12. Sticking with what works – TRUST your parenting. Identify with your personal and parental gifts. If you don’t know what those are, here are a few to consider- love, patience, hugs, smiles, positive notes, holding hands, cooking, learning together, growing together, taking ownership, leading by example, not playing the victim, humor, and thoughtful acts of kindness.

The other camp may not appreciate the bright spots you will develop (and there will be plenty) with your children, but stay the course as outlined above, ignore the chatter, play nice, and everything will be ok- my personal guarantee and stamp of approval lies within.

My book, "Parenting After Divorce: Rebuilding Your Life and Reaffirming the Relationships that Matter", is based in whole from these concepts and therefore my successes. Join my awareness program that correlates and supports the same strategies and philosophies. You can learn more about this program here and provide input or feedback based on your very unique circumstances. 

Bruce Buccio counsels and mentors single and co-parents professionally in Parenting, Relationships, Personal Growth and Life Changes. Bruce is Mediator, Court Appointed Child Advocate. Bruce writes today about inspiration, growth and love.

© 2014- Bruce Buccio


  1. One of the foremost benefits that the parties to mediation achieve is the communication skills necessary to effectively achieve agreement with their spouse. This may sound simple and not that meaningful an achievement, but the process of learning how to “get to yes” is just like any other talent. The way it develops is through 3 key elements.

    Practice, practice, practice. Once the parties to a divorce have been through the process, have spent the time reasoning with one another, they oftentimes find that there is a carry-over and they can more easily deal with other issues as they present during their ongoing relationship. People often tell us that they have never before experienced this sort of give and take with their partner. It is a great set of skills to cultivate.

  2. I realize this recent comment is only spam, but lets appease this situation if only for my readers on the subject of mediation. For those who've been through a divorce know things aren't all that they seem going into divorce. The other party will have a vast array of emotions and stories as I learned going through mediation. All I could do was watch with disbelief. Im not saying mediation is bad. Just in my case, After the divorce, things turned for the worst when the other party didn't appreciate my healthy involvement with my kids. This unforeseen occurrence couldn't and wouldn't have been broached in mediation. It was these kinds of challenges which allowed my personal growth with my children and determined our path together is the message this blog post is truly about.

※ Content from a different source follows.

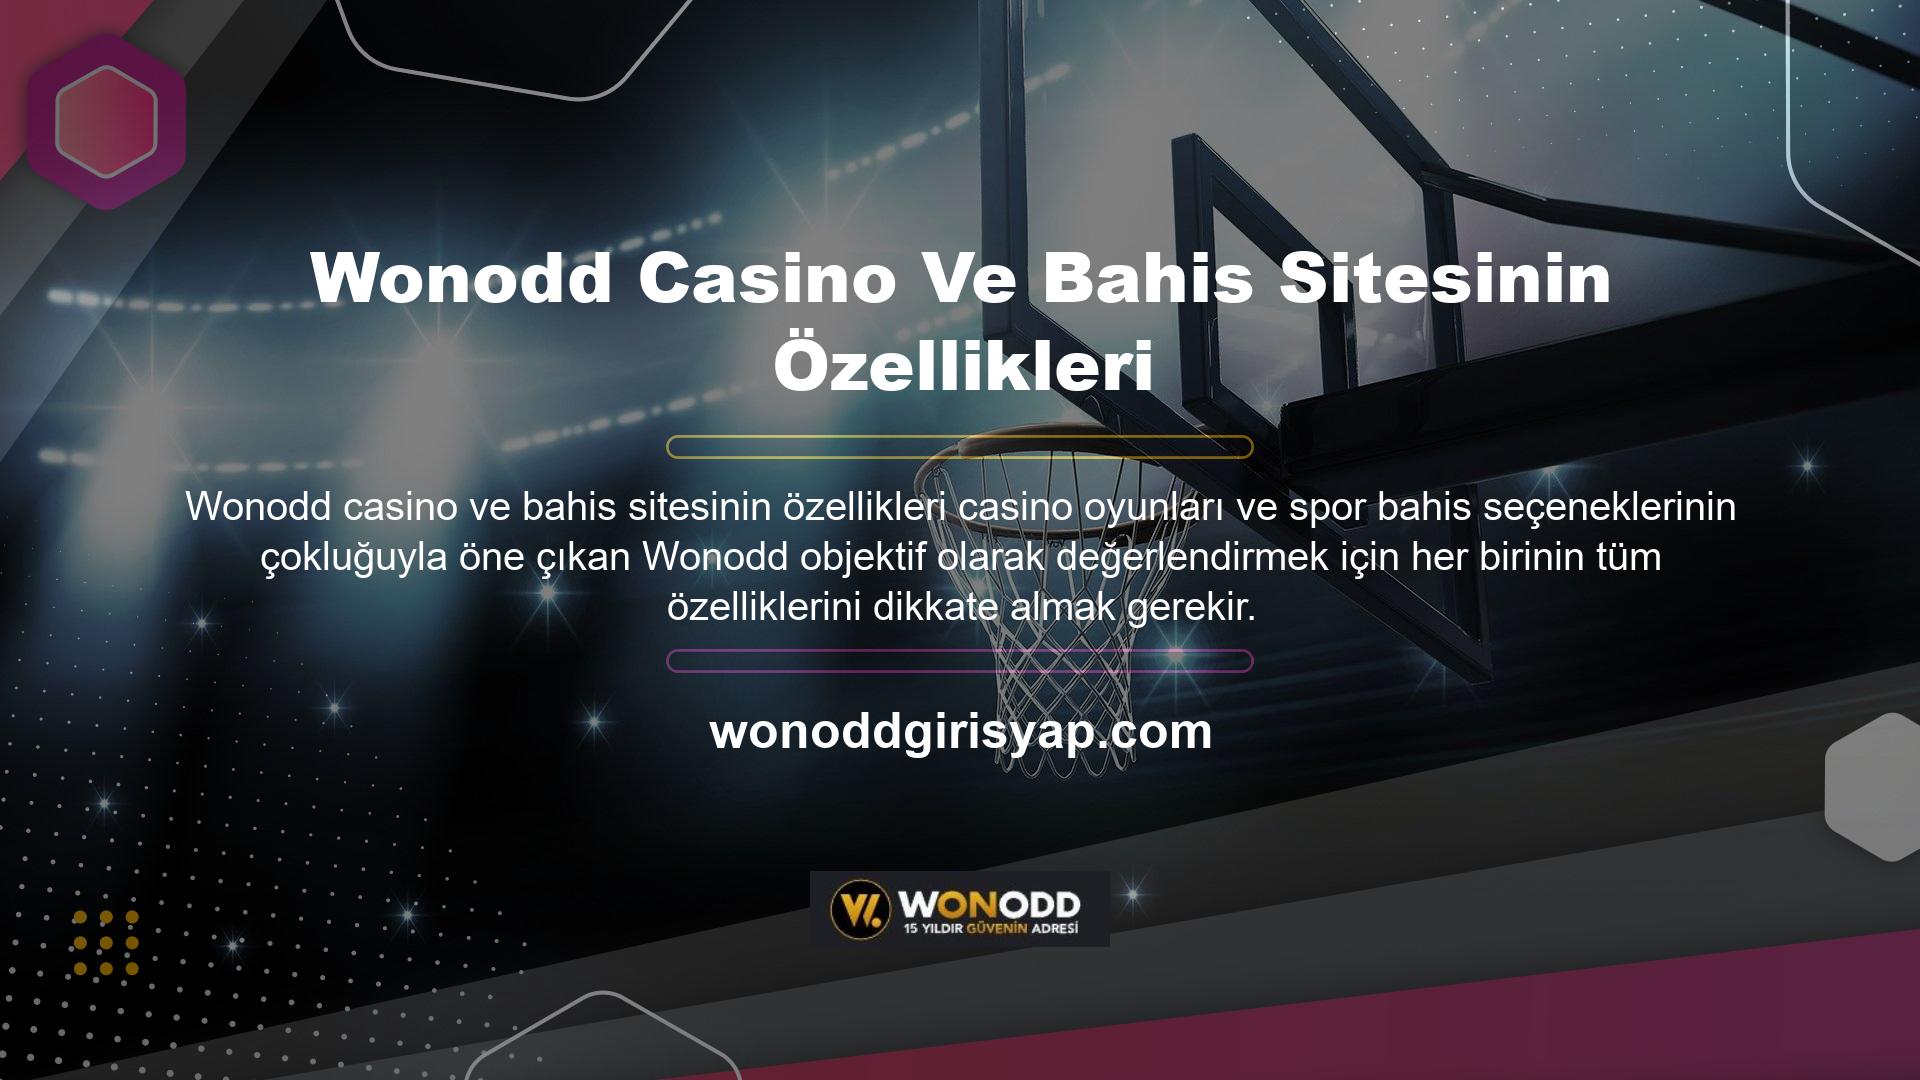 Site, Wonodd Casino ve en yüksek standartlarda tasarlanmış bahis sitesi özellikleriyle kapsamlı bir bonus sistemine sahiptir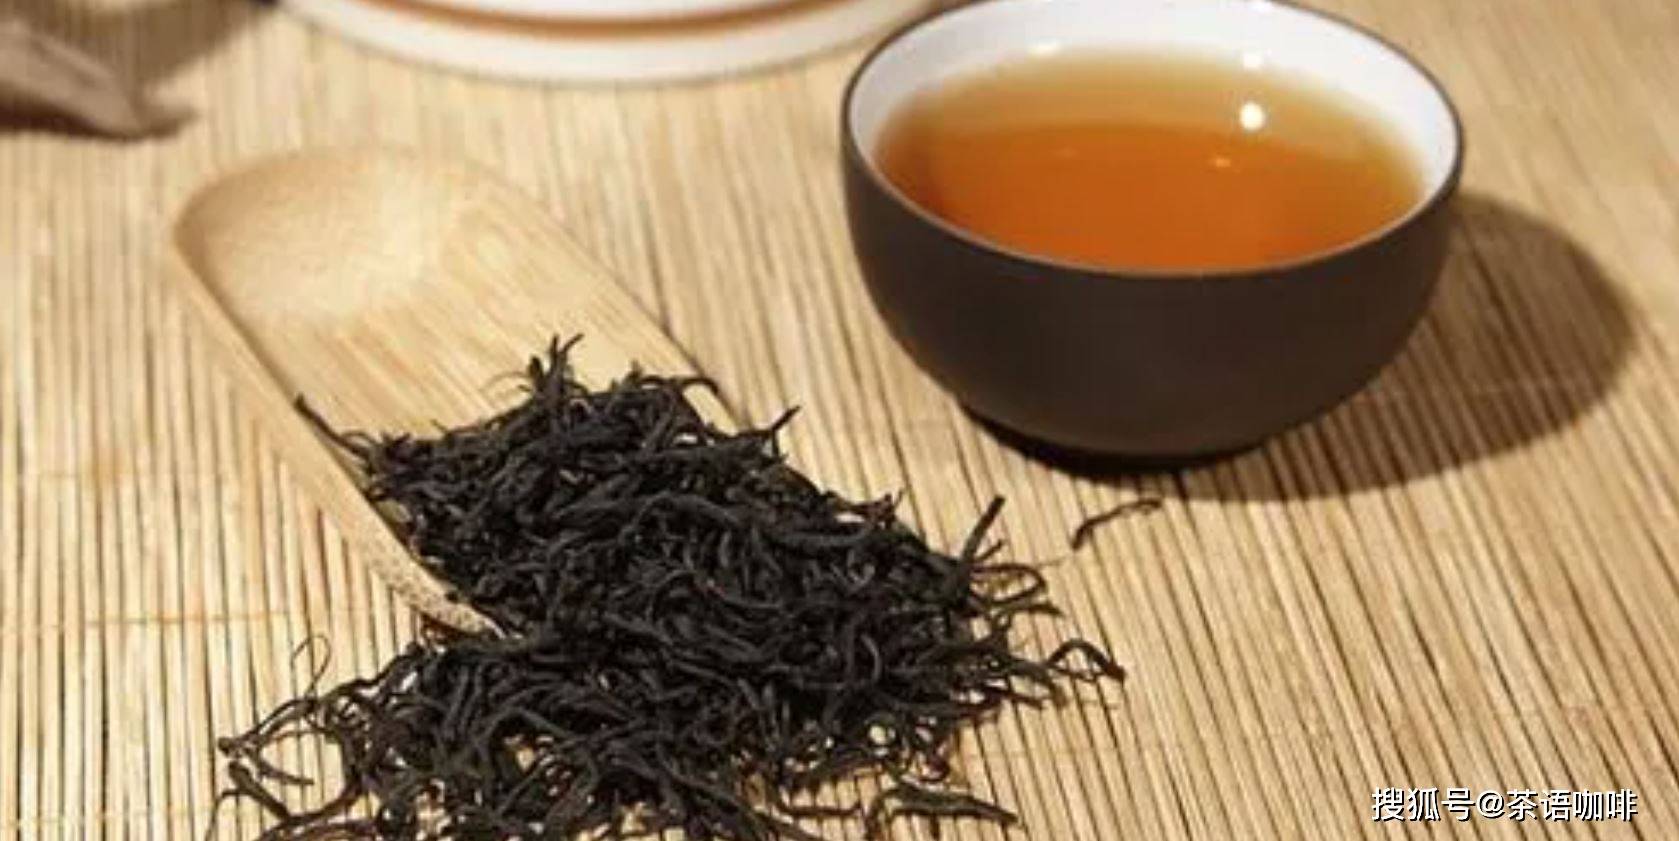 black tea为何是红茶?经典红茶种类有哪些?茶文化冷知识分享

  3. Reality bites. However, as parents, we have to get back on our feet after a huge ordeal for the sake of our children. The first stages of being divorced are naturally tough. You will be vulnerable and emotionally unstable at some point. The only way to pass by these stages is to focus on the things that matter most. Prioritize your kids, your parents, your friends, and yourself.

    Louisa Matsuura

  4. Yes! Change and Challenge = Growth. Keep things which matter most in front of you. Life really doesn't stop for anyone. Keeping moving, grieve yet stay focused. Its difficult to see early on, but things get better and most importantly we become a bigger, better person.

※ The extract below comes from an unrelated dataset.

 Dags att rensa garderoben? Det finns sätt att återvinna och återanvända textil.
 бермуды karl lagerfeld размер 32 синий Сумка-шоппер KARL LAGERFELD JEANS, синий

  5. After going through a divorce, it’s your children that you need to give the most priority to. Of course, you were not the only who was being affected by the situation. Your kids were probably the ones who are most affected by it. It may really affect them psychologically, so you must give your full attention to them. Make sure they know that you are and always will be by their side.

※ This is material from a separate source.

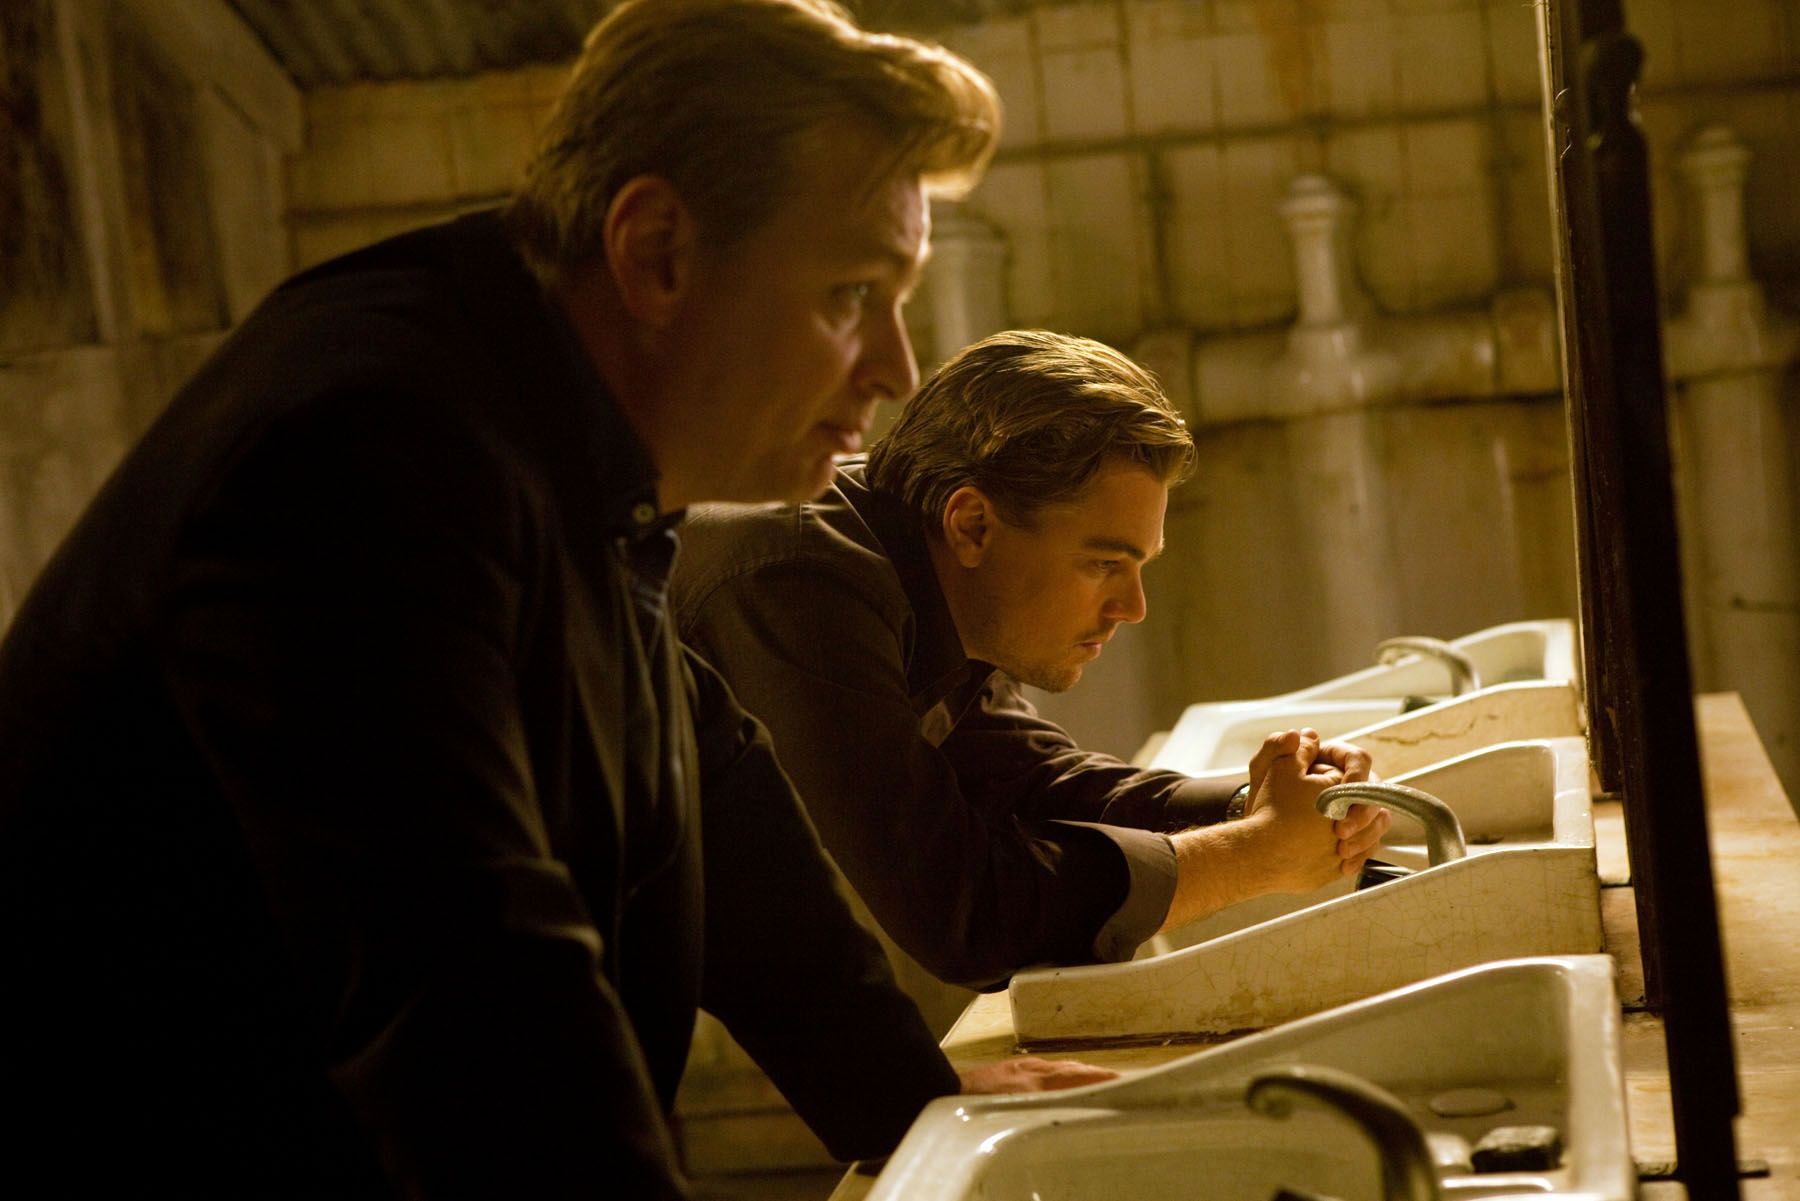 Leonardo DiCaprio and Christopher Nolan

  6. Great article and detail on how to get through this rough patch. I know clients tend to struggle with how to move forward post-divorce. Laying it out and sharing how you coped will help others move forward!

  7. Fantastic article on transitioning after a divorce. Particularly enjoyed the segment on moving forward, "HORIZONS are your new outlook. If you put too much emphasis on the other camp or keep looking back, you’ll only distract yourself from what’s really important in front of you. Stay focused on your kids in your household."